М и р а. Да! Обратно в сушильную камеру. Сушеные яблоки и сливы!

З о ф и я. Это неправда!

М и р а. Я помню, какой ты была девочкой, Зофи. Когда ты оказывалась в темноте, лицо твое светилось, твоя улыбка излучала свет; все, к чему прикасались твои длинные пальцы, пело. А в кого ты теперь превратилась?!

З о ф и я (ставит фужер на стол, подходит к Мире, обнимает ее за плечи). Ты была прекрасной… розой!

М и р а. Ничего-то от меня не осталось. Поэтому он и не пришел. И не придет.

З о ф и я. Но почему именно он?..

М и р а (выпрямляется, с силой). Мне хочется, чтобы он разрушил все, чем я жила до сих пор! Все до основания! Он это может.

З о ф и я. Да!


Слышны шаги на чердаке, стук по стенам.


Кто это? Дядя?

М и р а. Нет! Это он. Дом оценивает.

З о ф и я. Не понимаю…

М и р а. Неужели ты не почувствовала вчера, сразу как только он вошел, — он стал хозяином всего, что здесь есть?

З о ф и я. Дыхни-ка на меня! Вроде не выпила. Оглянись вокруг: день, солнце светит, там дорога, автомобили проносятся мимо… Что ты городишь?! Какой еще хозяин?!

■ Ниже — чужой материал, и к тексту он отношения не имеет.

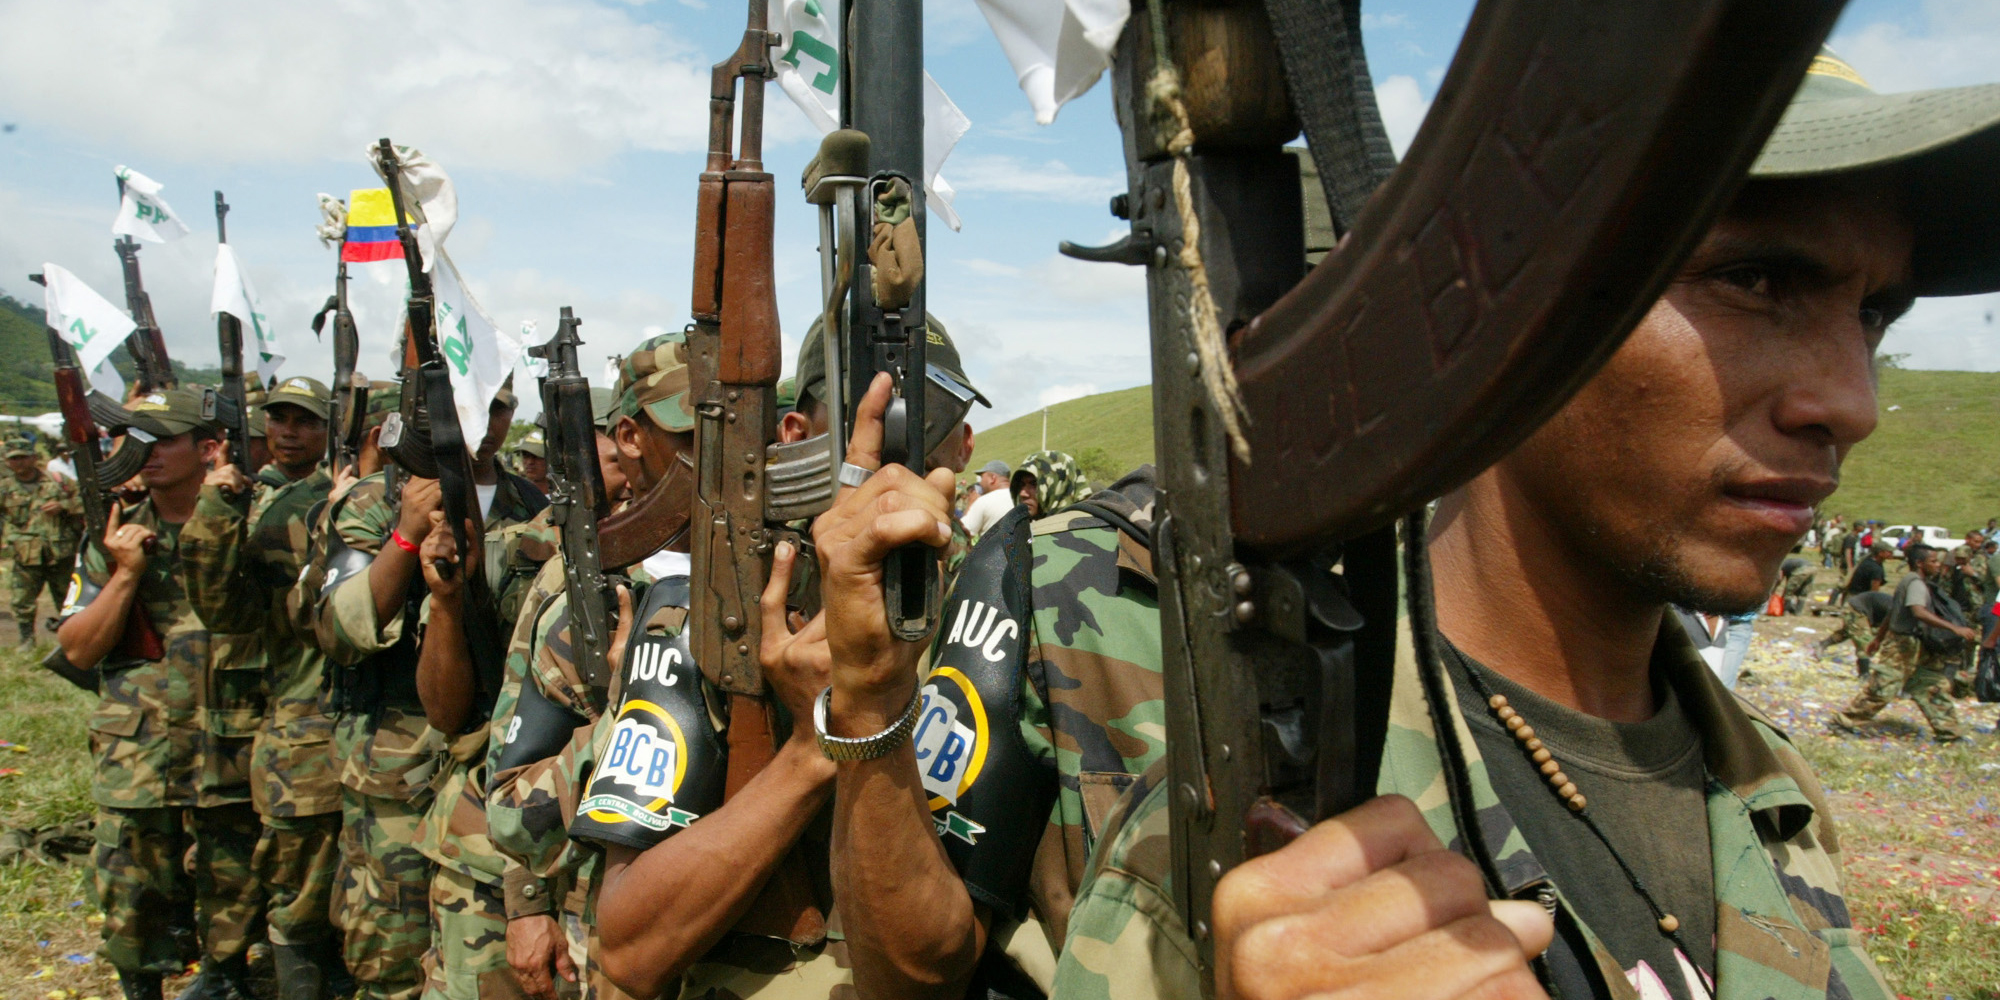 Paramilitary fighters hold their rifles during a ceremony to lay down their arms in Otu, northwest Colombia, Monday, Dec.12, 2005. More than 2,000 fighters from the Central Bolivar Bloc of the paramilitary United Self-Defense Forces, or AUC, under the command of Carlos Jimenez alias "Macaco" gathered in this remote hamlet to lay down their arms and two helicopter gunships as part of an ongoing disarmament process.(AP Photo/Fernando Vergara)

М и р а. Хозяин этой прогнившей развалюхи. Для него она имеет особое значение. Сначала надо завладеть тем, что собираешься потом уничтожить.


Звуки шагов наверху, стук по водопроводным трубам.


З о ф и я. И впрямь ходит… Как он осмеливается?!

М и р а. Отец перепишет на его имя дом и все прочее имущество.

З о ф и я. Ну, такое лишь во сне может присниться! Ты знаешь что-то, чего я не знаю?

М и р а. Я знаю, что этот человек заберет все, что сможет, кроме меня.

З о ф и я. Ты сходишь с ума!

М и р а. Нет! Послушай же! Стучит так, будто требует. Он ничего не спрашивает. Возьмет все, может, даже тебя. Меня он не возьмет, хотя я этого хочу.

З о ф и я. Да он всего лишь приблудный дальний родственник. Кто в здравом уме даст ему что-либо?!

М и р а. Отец по своей слепоте.

З о ф и я. Опять не понимаю.

М и р а. В честь блудного сына заколют тельца… Для блудного сына и дом, и все прочее. Ты же видела, как он шептался вчера с отцом, после чего отец отступился.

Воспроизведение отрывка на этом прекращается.